- Theatrical poster
- Directed by: Mamas
- Written by: Mamas
- Produced by: Fareed Khan
- Starring: Basil; Sanjeev M Nair; Swasika; Sruthi Hariharan; Badri;
- Cinematography: Jibu Jacob
- Edited by: Sreekumar Nair
- Music by: Alphons Joseph
- Production company: Whitesands Media House
- Distributed by: Whitesands Media House Vaishakha Cynyma
- Release date: 27 July 2012;
- Running time: 152 minutes
- Country: India
- Language: Malayalam
- Box office: ₹28 lakh (US$29,000)

= Cinema Company =

Cinema Company is a 2012 Malayalam-language romantic comedy drama film written and directed by Mamas, and starring mainly newcomers. Basil, Sanjeev M Nair, Shruthi Hariharan and Badri play the roles of four close friends who dream of making a film.

==Plot==
As Paul Cheriyan prepares to leave for his office, he sees several people coming into his building. He asks a watchman about it, and learns that a boy has died in an accident, to which his friends bore witness. Paul goes to where the dead boy's friends are mourning and cursing themselves, and then returns to his apartment, where he starts thinking about his own friends and where they might be now.

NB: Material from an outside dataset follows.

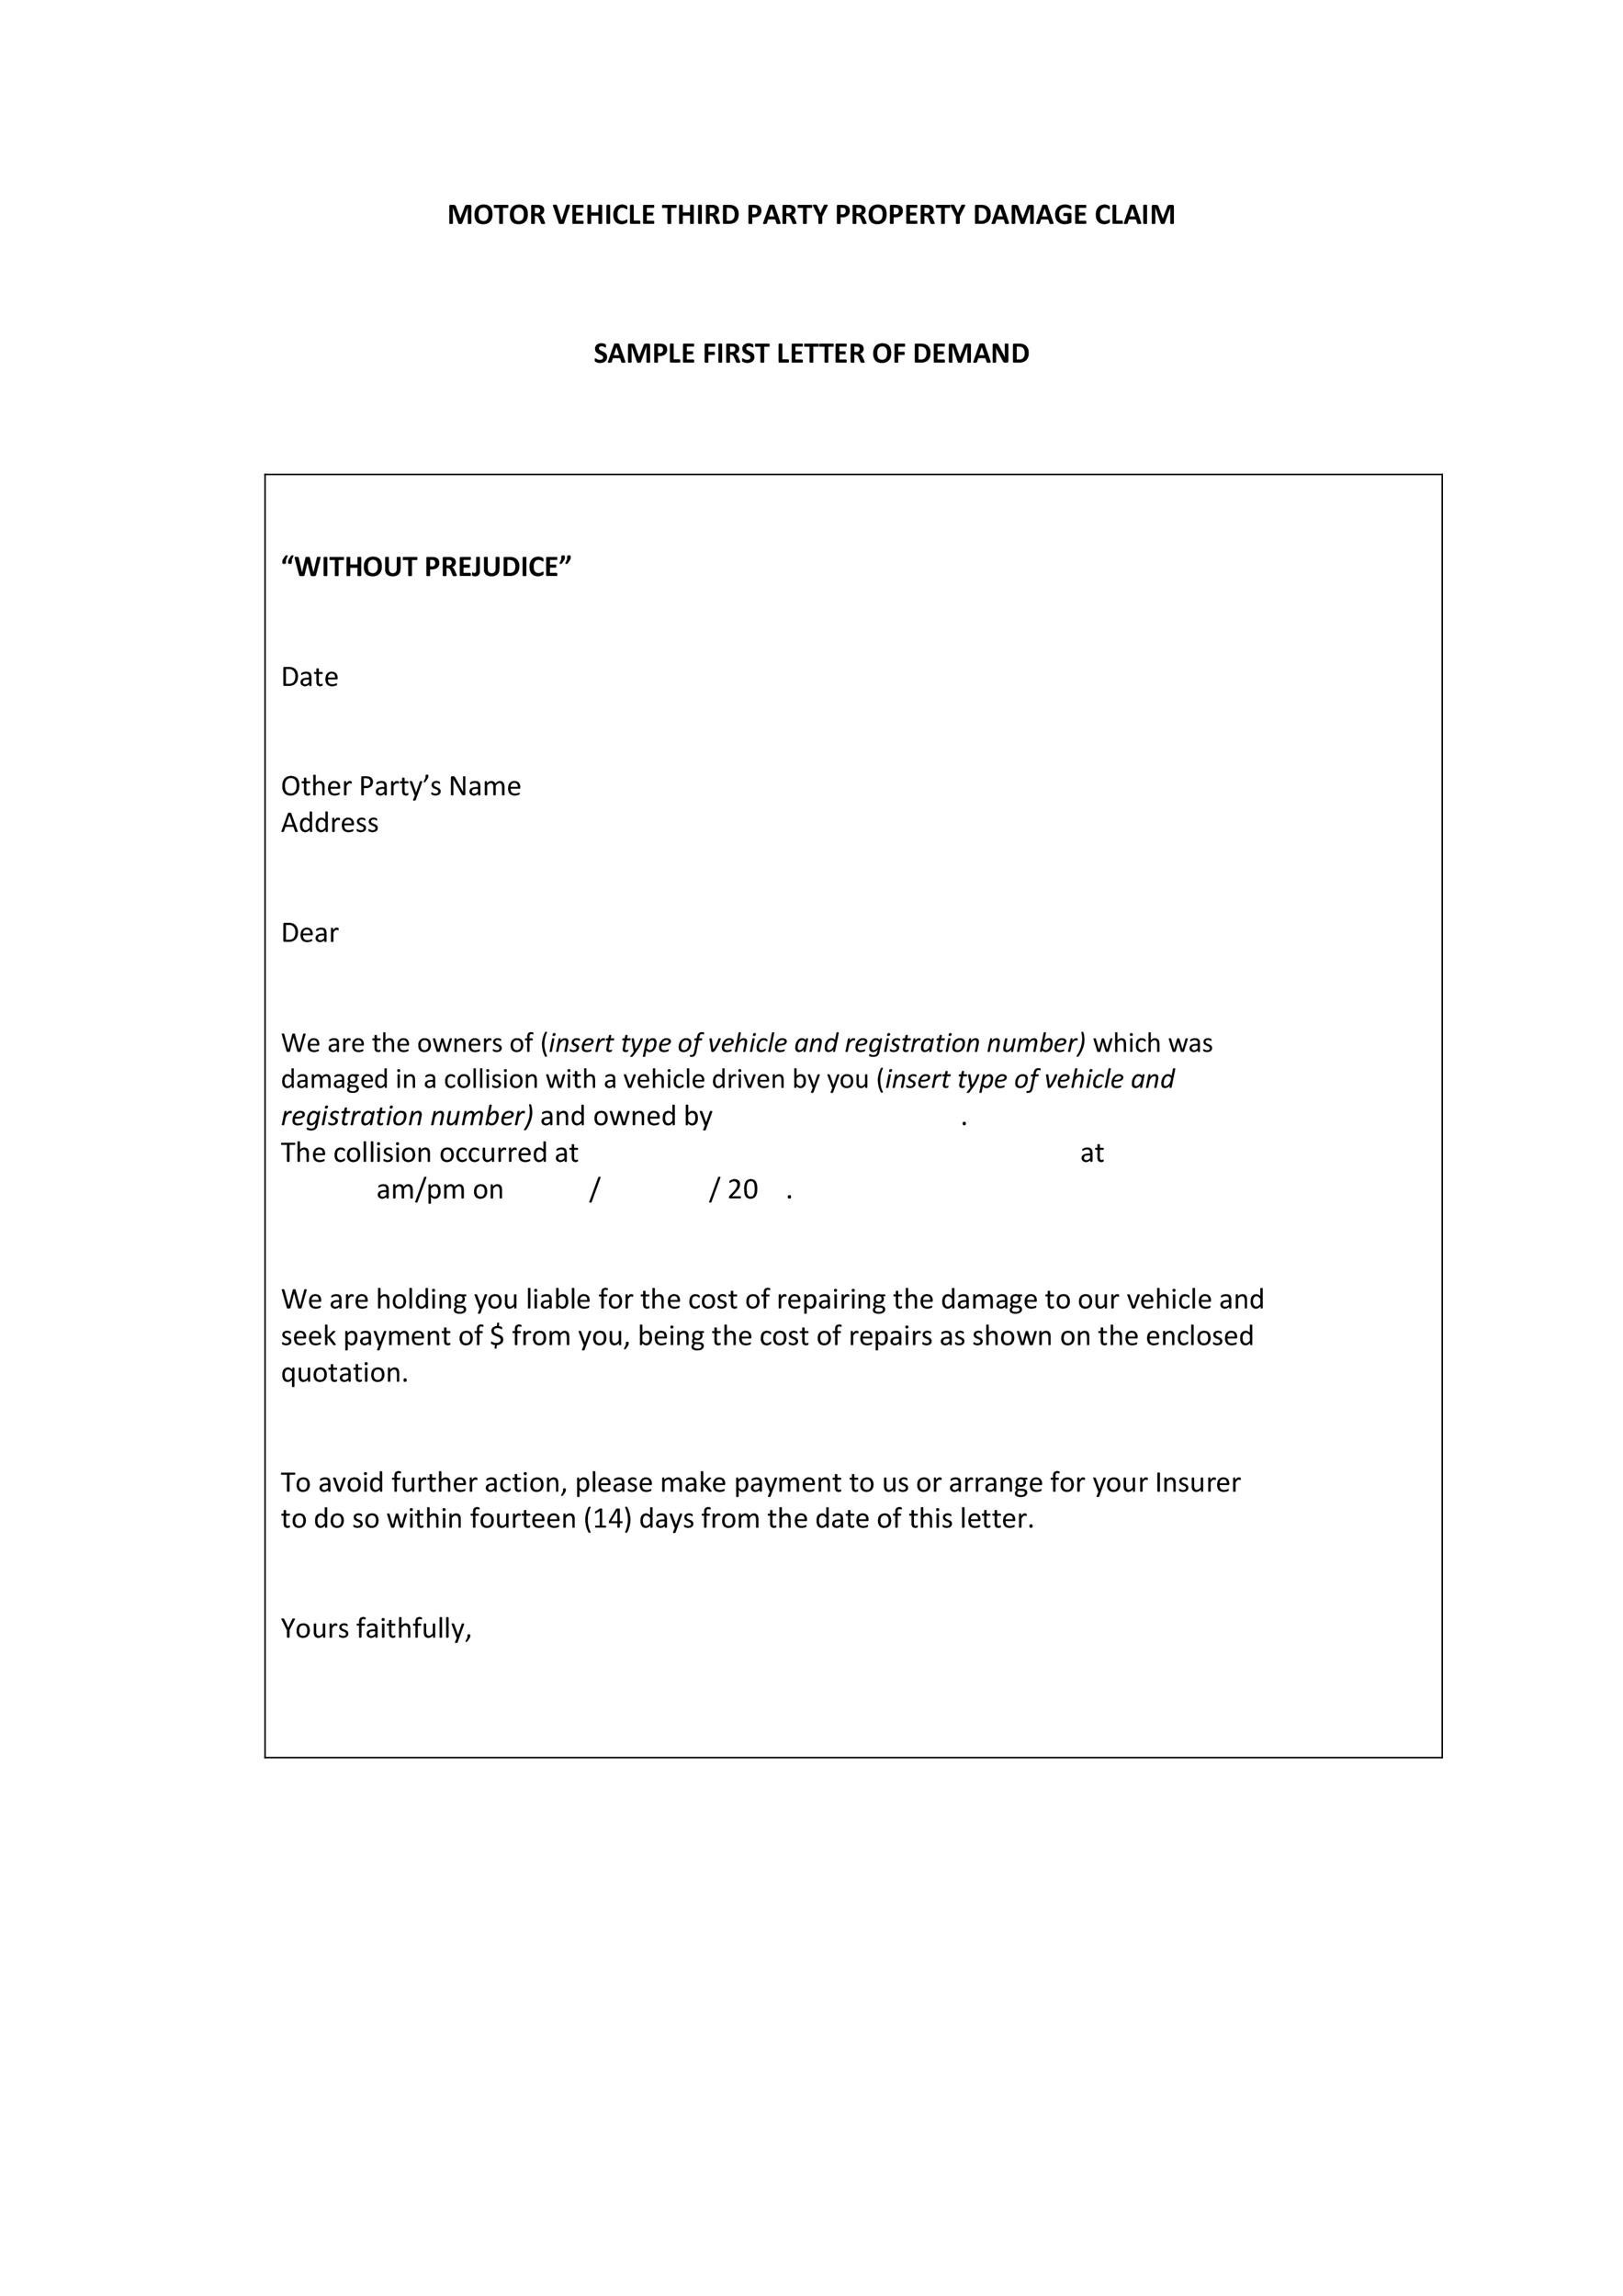 49 Free Claim Letter Examples How To Write A Claim Letter

He recalls Parvathi, also called Paru, who carried a Ukulele with her and sang jingles on air, then Varghese Panikkar, a rich friend of his who wanted to be a director and always carried a sketch pad and a camera. He next thinks about Fazal, also called Ikka, a writer who received many awards for his books. He was in love with a rich girl named Roshni. Paul then reflects on his own former dream to be an actor. The four friends had intended to make a film together, but things did not work out and the project was abandoned.

Paul returns to Kochi, the place where he and his friends had tried and failed to make their film. He is reunited with his friends and they finally make the movie of their dreams, which then becomes a huge success.

==Soundtrack==
The soundtrack of the film was composed by Alphons Joseph, with lyrics penned by Rafeeq Ahammed, Santhosh Varma and Jagmeet Bal.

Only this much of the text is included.